Retype all of the listing exactly, passing over any picture you find.

### Provided data
■ ■ ■ ■
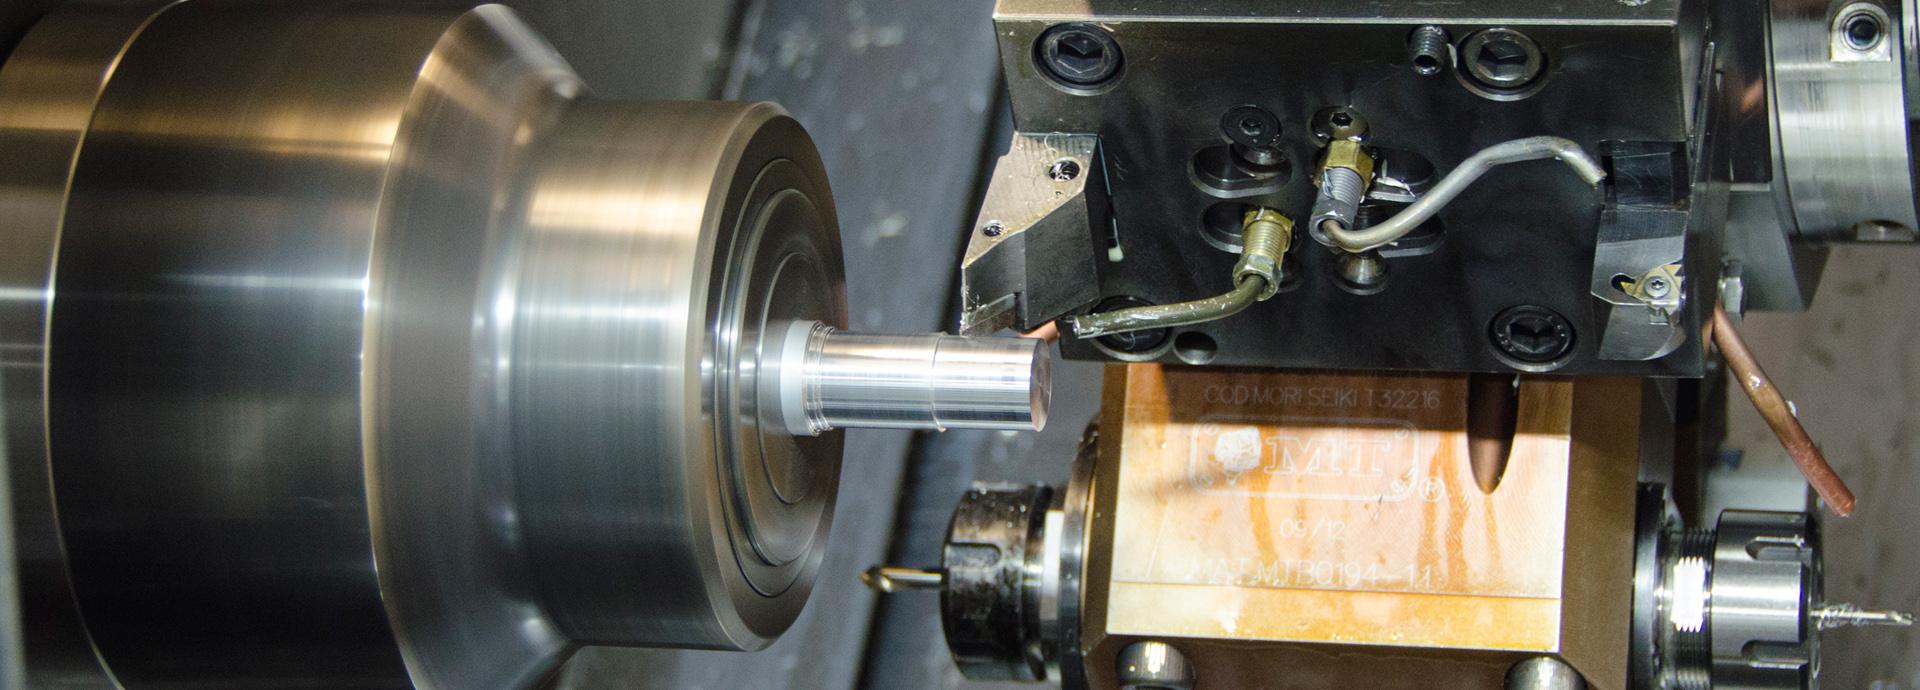 CNC lathe | Horschel Brothers Precision - Springville, NY
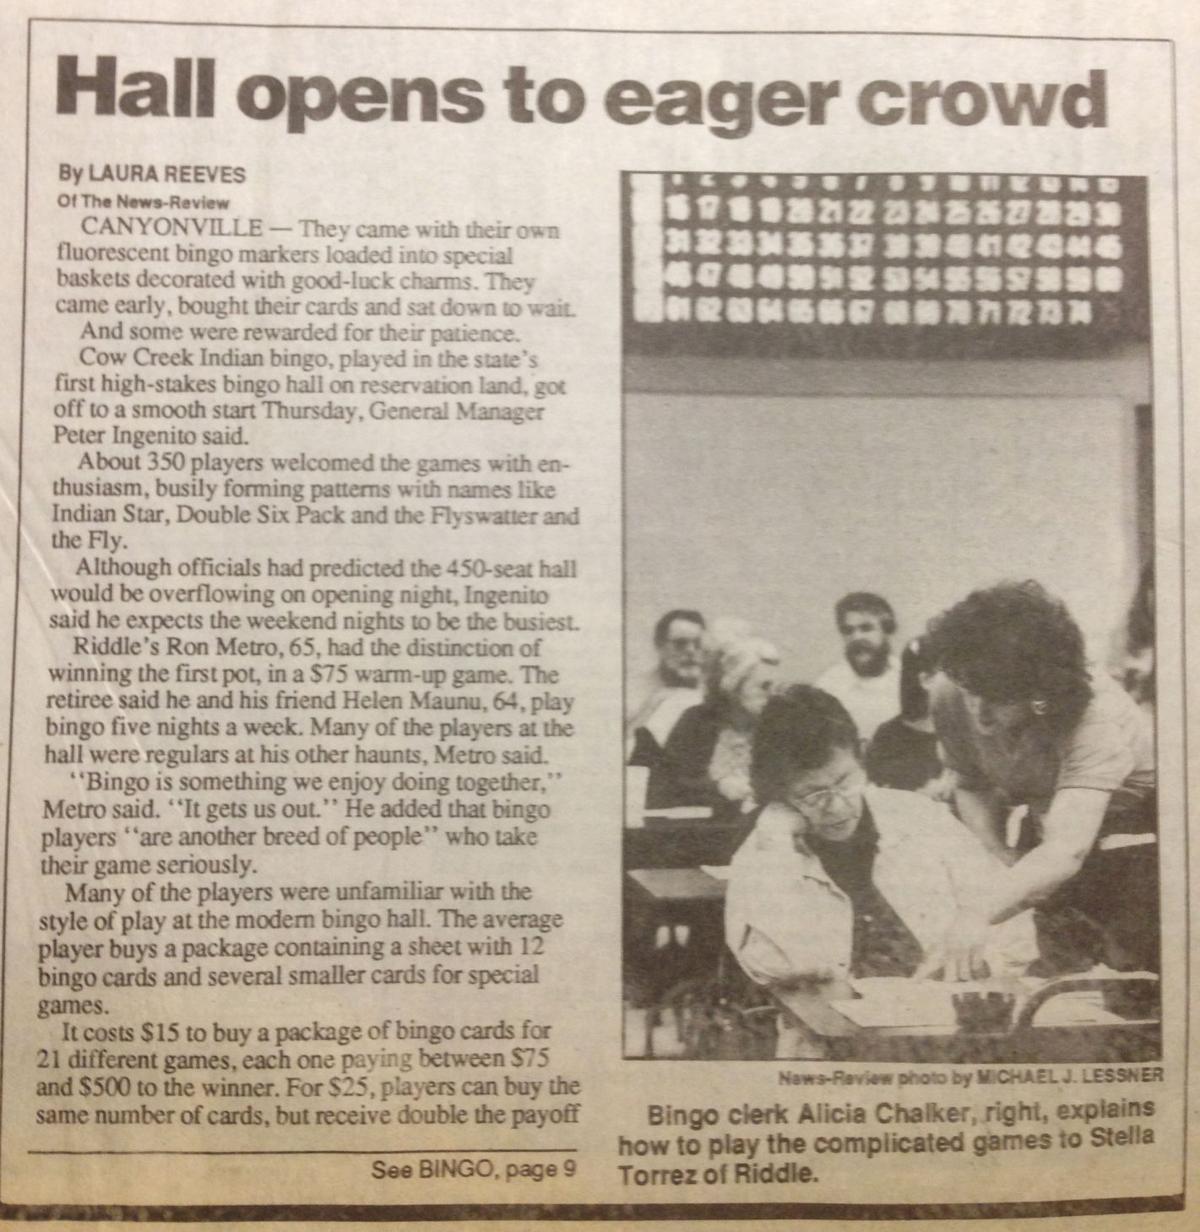 Canyonville Bingo Hall opening, pt. 1
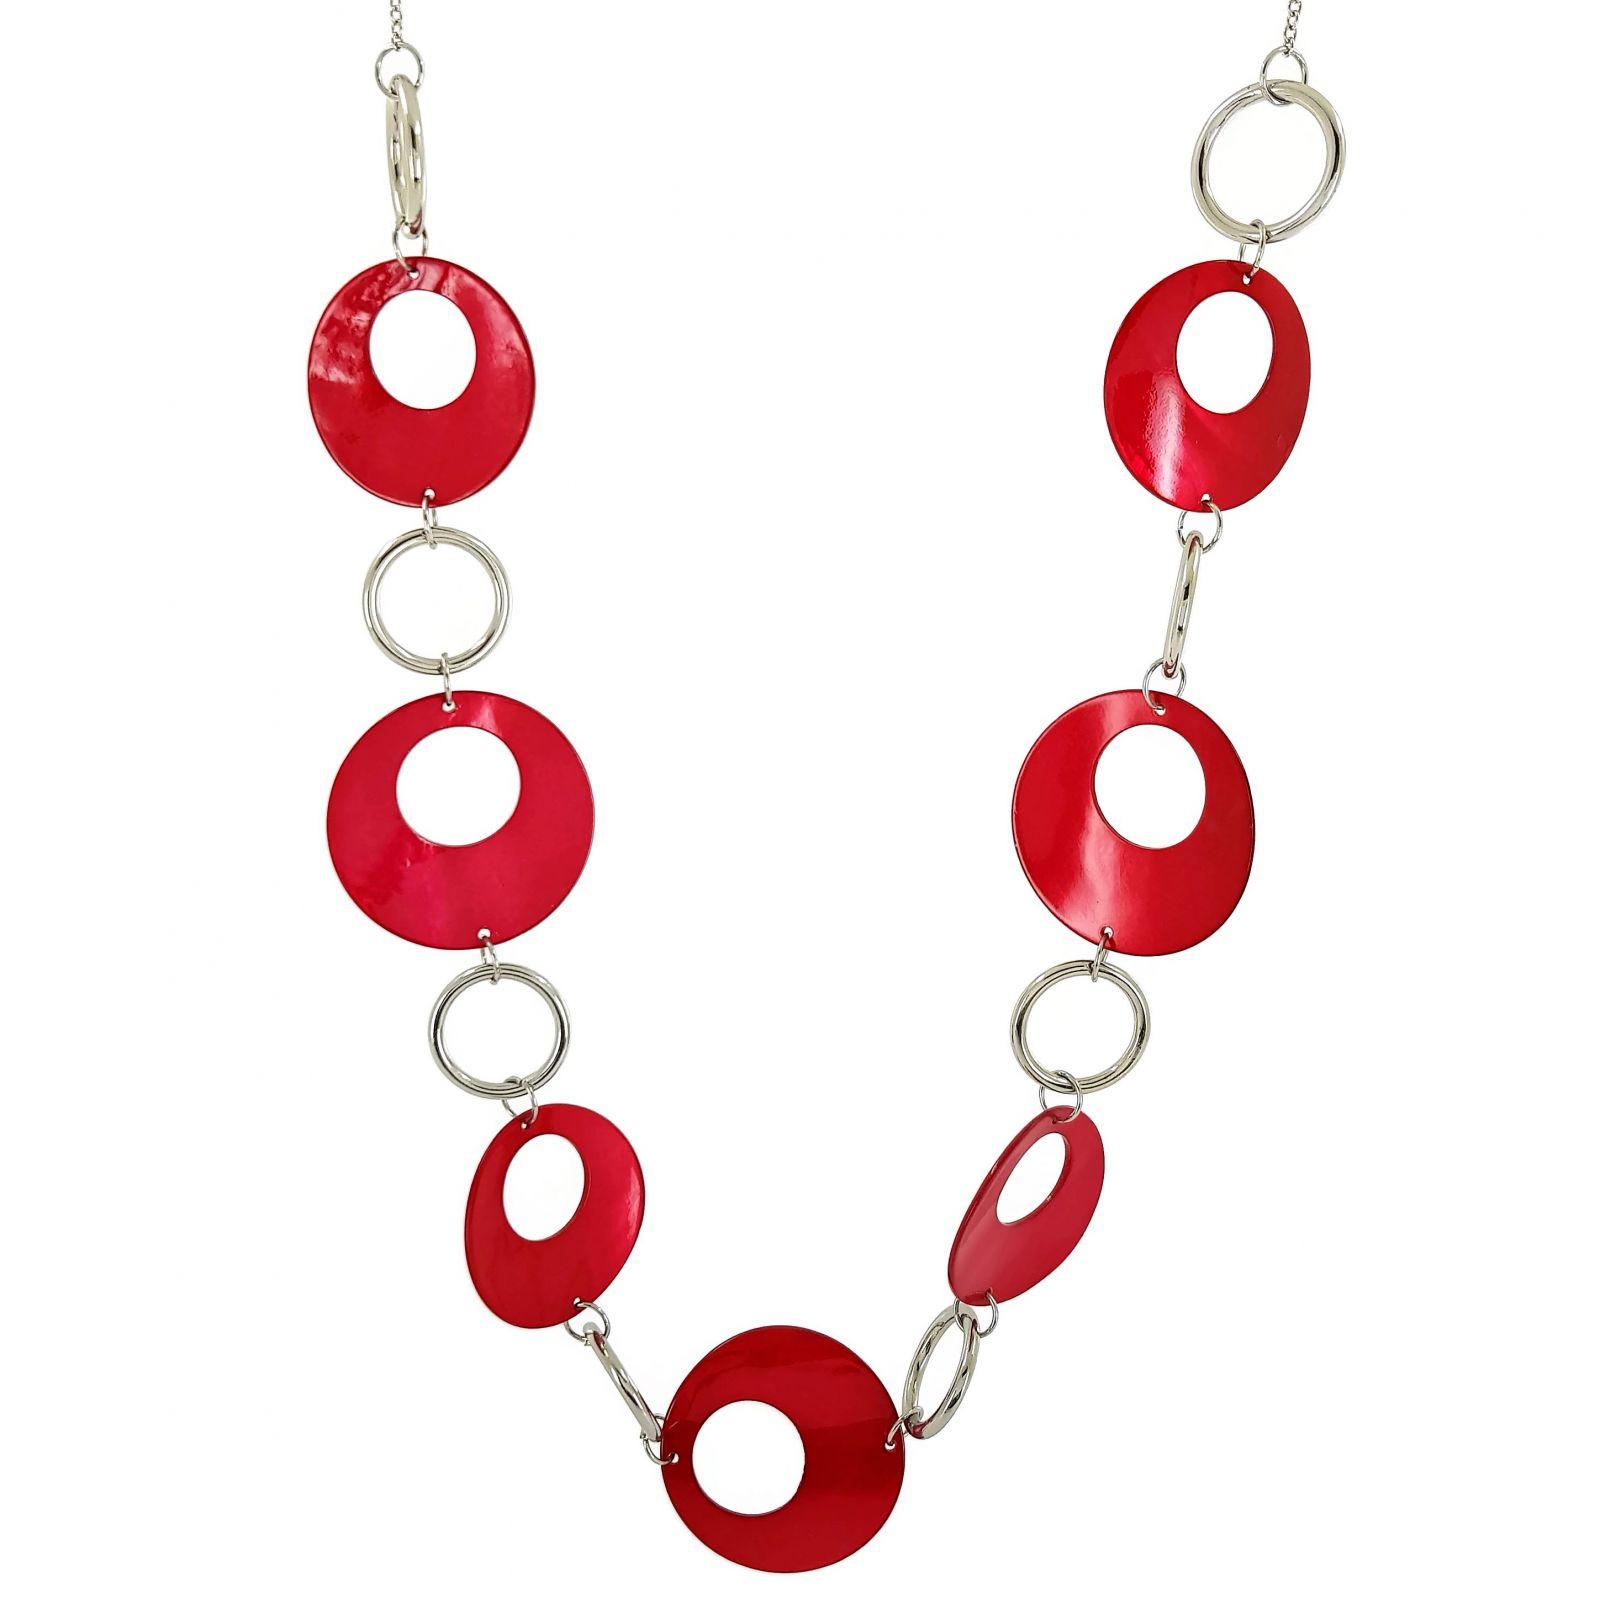 Retro náhrdelník s červenými plackami a stříbrnými kroužky GIIL
■ ■ ■ ■
### Output
 CNC lathe | Horschel Brothers Precision - Springville, NY
 Canyonville Bingo Hall opening, pt. 1
 Retro náhrdelník s červenými plackami a stříbrnými kroužky GIIL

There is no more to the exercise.